3. Either one of the Inverter OEM or PPC OEM provides an equivalent generic model (such as WECC) and the other OEM maintains an encrypted model. Aurora then creates a new model based on the open model, and validates the new model and prepares a user guide. Aurora then provides the model to the OEM who still has an encrypted system, and the OEM removes the encrypted system replaces it with an unencrypted version and submits to NESO. The validation report only works if there is a 1-to-1 swap of encrypted elements with unencrypted elements.
4. Both inverter OEM and PPC OEM provide an equivalent generic model (such as WECC) to Aurora. Aurora then undertakes a validation of the WECC models, prepares the validation report and user guide for submission to NESO. This approach facilitates the use of aggregated modelling techniques.

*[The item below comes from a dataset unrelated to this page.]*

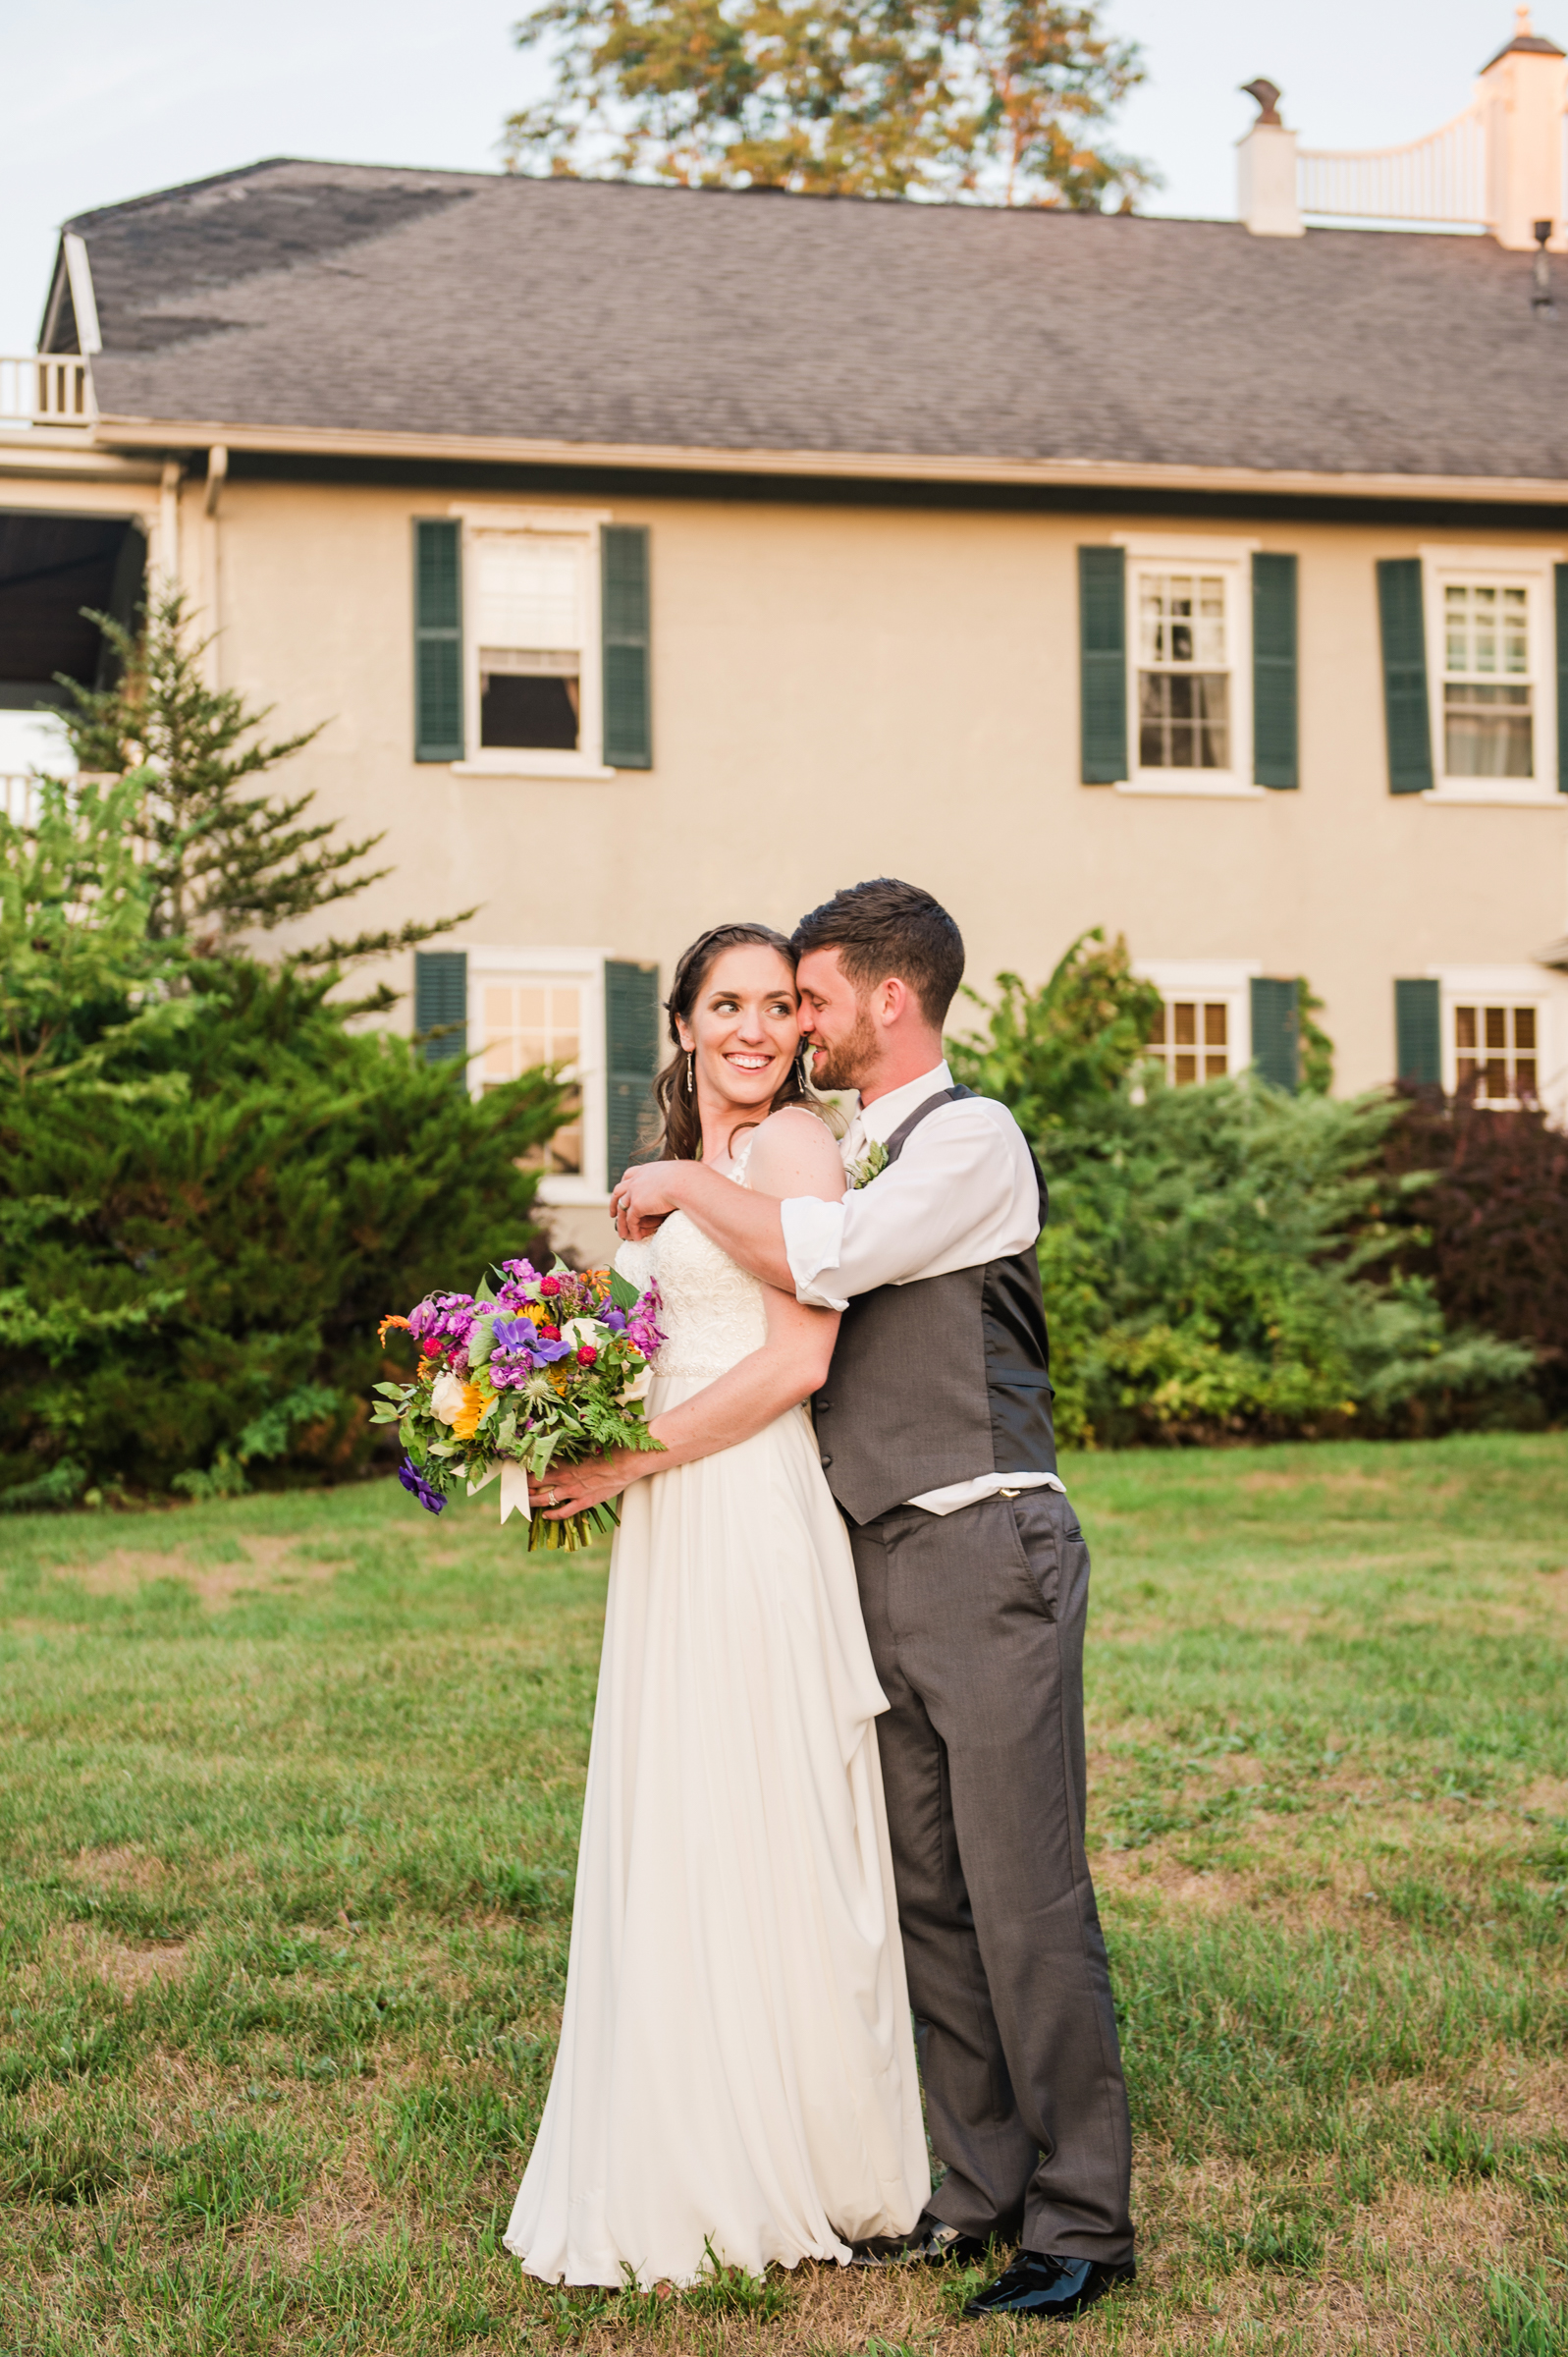 Jerris_Wadsworth_Wedding_Barn_Rochester_Wedding_JILL_STUDIO_Rochester_NY_Photographer_DSC_3089.jpg
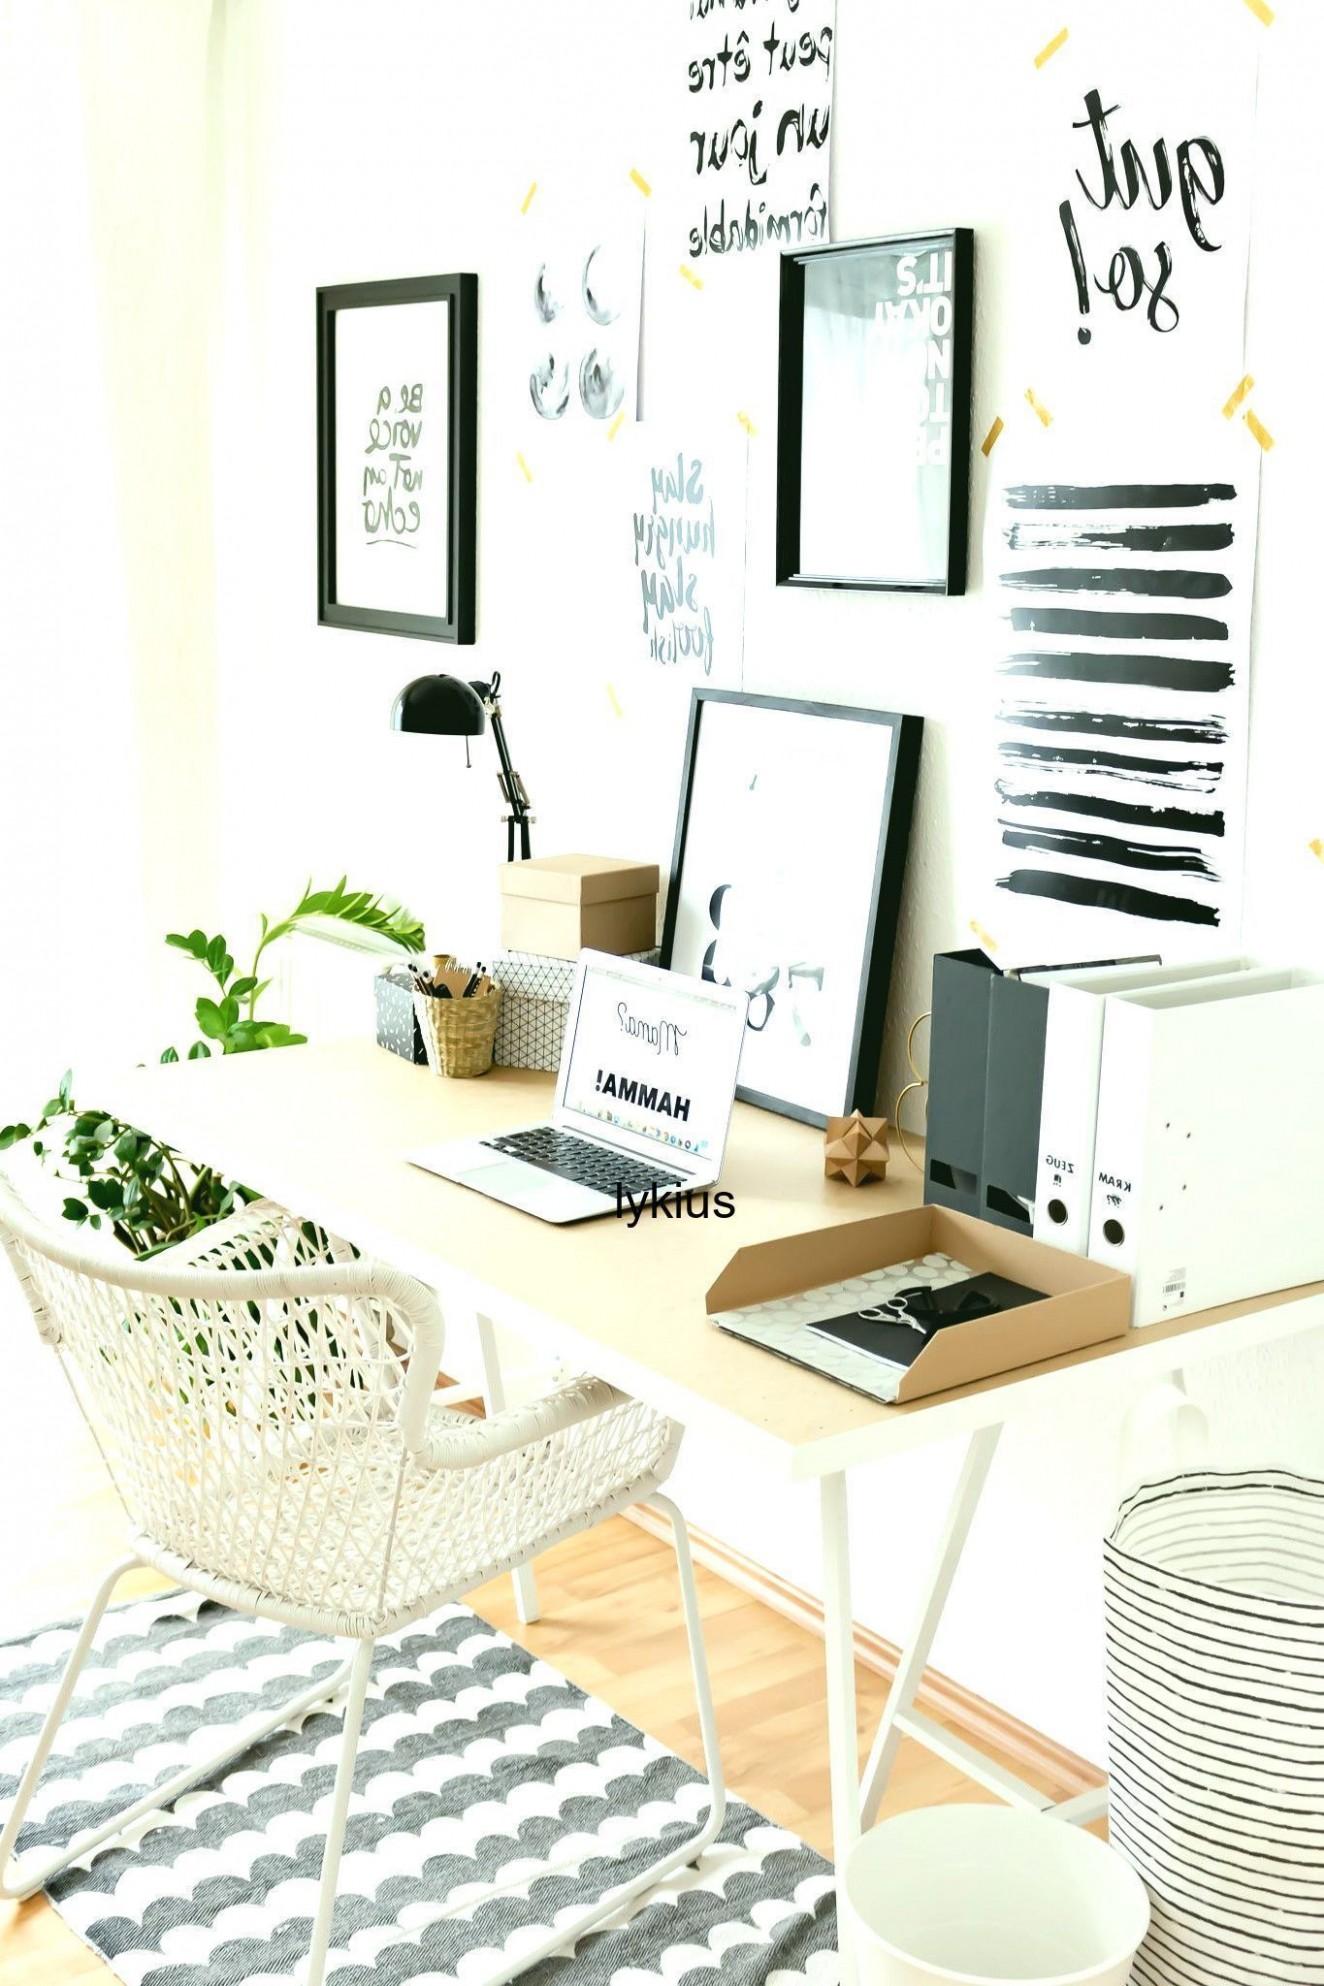 Wohnkultur kmart Wohnkultur homedecor #homedecor Arbeiten im Home  - Home Office Ideas Kmart

The unencrypted modelling requirements are technically not too difficult. The delay with the process is
usually more a logistical one and developers and OEMs not being ready for the requirements. Another key decision, is if the model is going to be an aggregated model of the whole system, or a full model, and someone will swap out the encrypted parts with the unencrypted parts. Delays are typically caused by:

• Unclear agreement from the developer with the OEMs on which strategy (above) will be followed.
• OEMs not realizing they have to provide an unencrypted model to NESO, that does not contain any external references or DLL files.
• OEM models not implementing the latest requirements from the Grid Code. A key risk here is PPCs that have not understood or implemented the de-load function for Storage Sites.  
• Models that need a different time step to 10ms.
• Failing to look at the NESO Guidance Note on GC0141

GC0141 EMT (PSCAD) modelling scope:

The EMT scope is much more challenging. PSCAD is a less forgiving package to use, and there are less engineers available with the required modelling skills and expertise. For this scope to work smoothly, the inverter vendor and PPC vendor must supply satisfactory models with good guidance document and be readily available to provide technical support if needed. We have unfortunately had a few bad experiences with PSCAD / EMT models not being developed by the vendor who has then expected us to bug-hunt their models. Furthermore, NESO are becoming increasing difficult on the review process. Unfortunately there are often delays in the GC0141 EMT modelling process, and a key risk for Clients. Delays are typically caused by:

• OEM models (for the inverter or PCC) not having been sufficiently developed or tested before release to the consultant.
• OEM models not implementing the latest requirements from the Grid Code. A key risk here is PPCs that have not understood or implemented the de-load function for Storage Sites.  
• Models not correctly considering what protection needs to be included.
• The use of the wrong version of PSCAD or associated Fortran compiler and Visual Studio. Models that need a different time step to 10us.
• Failing to look at the NESO Guidance Note on GC0141

Summary

The GC0141 process requirements for modelling are one of the main causes for delay in achieving an ION and are a significant risk to a project. Unfortunately the GC0141 requirements are not overly clear, and they are a new requirement for developers and NESO – and NESO are continually bringing out further changes every few months. NESO are currently also planning to increase the review time for UDFS submissions to 20 business days and for EMT models to 6 weeks. So the whole review process will become longer and more difficult. To mitigate your project risks, make sure you give plenty of time to the modelling and simulation process, and that the site developers and OEMs understand the requirements of the process and models.